Key design decisions:

  • Element uses flax.struct for immutability and automatic pytree registration
  • Batch uses Flax NNX Module pattern for state management
  • No object dtype arrays (JAX limitation)
  • Proper handling of static arguments in JIT compilation
  • Efficient vectorized operations without Python loops

logger module-attribute ¤

logger = getLogger(__name__)

Element ¤

Immutable data element with JAX-compatible operations.

Element represents a single data point with:

  • data: PyTree structure containing JAX arrays (supports nested dicts)
  • state: Dictionary of arbitrary Python values
  • metadata: Optional Metadata instance

All operations return new instances (immutable design).
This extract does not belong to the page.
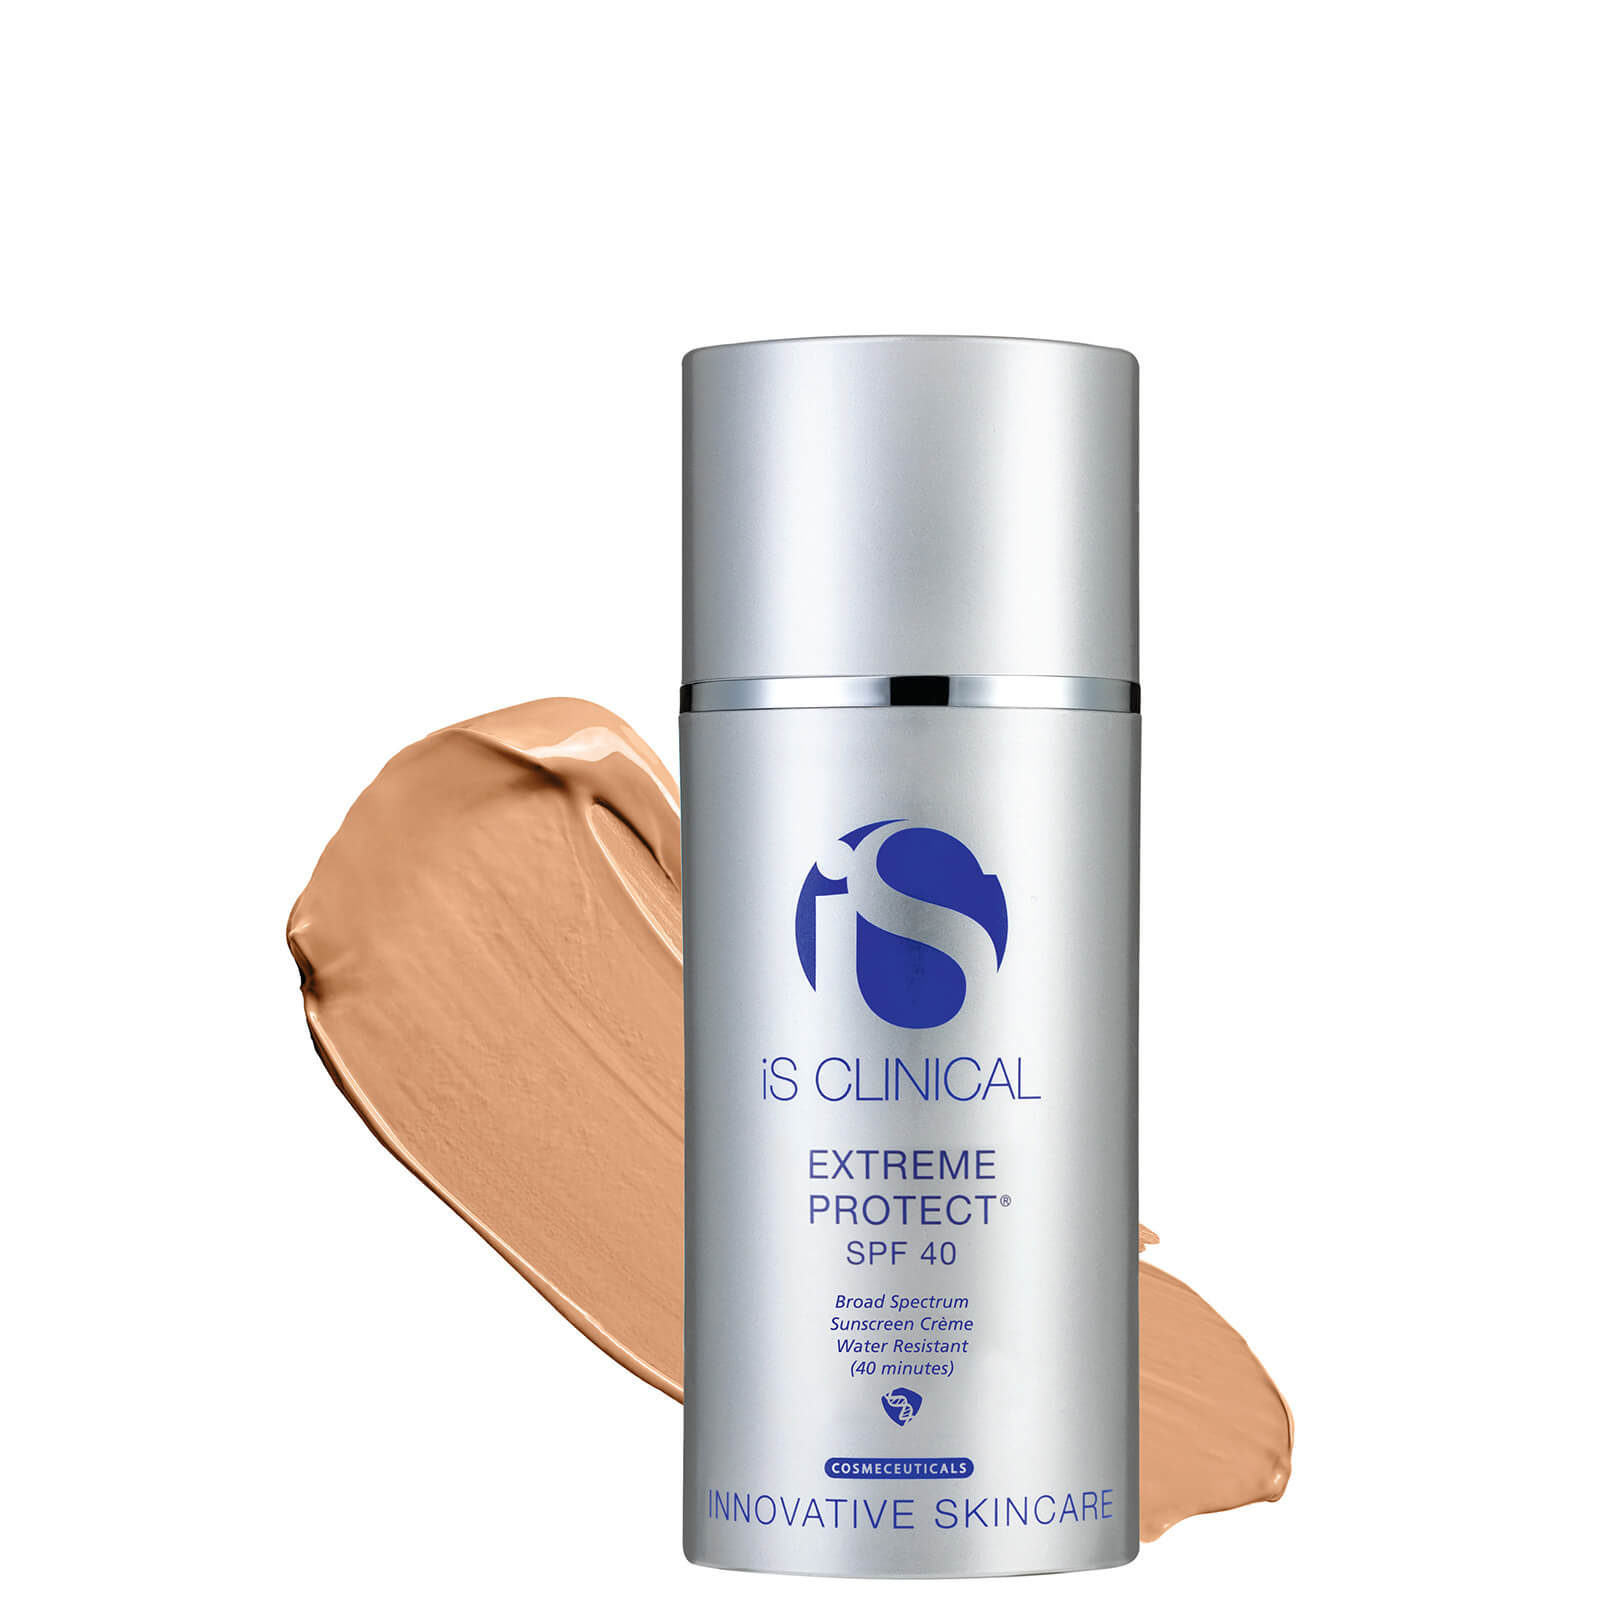 IS CLINICAL EXTREME PROTECT SPF 40 PERFECTINT BRONZE,13541

data class-attribute instance-attribute ¤

data: PyTree = field(default_factory=dict)

state class-attribute instance-attribute ¤

state: dict[str, Any] = field(default_factory=dict)

metadata class-attribute instance-attribute ¤

metadata: Metadata | None = field(default=None)

update_state ¤

update_state(updates: dict[str, Any]) -> Element

Update state with partial updates (merge behavior).

update_data ¤

update_data(updates: dict[str, Array]) -> Element

Update data with partial updates (merge behavior).

transform ¤

transform(fn: Callable[[Array], Array]) -> Element

Transform all data arrays with a function.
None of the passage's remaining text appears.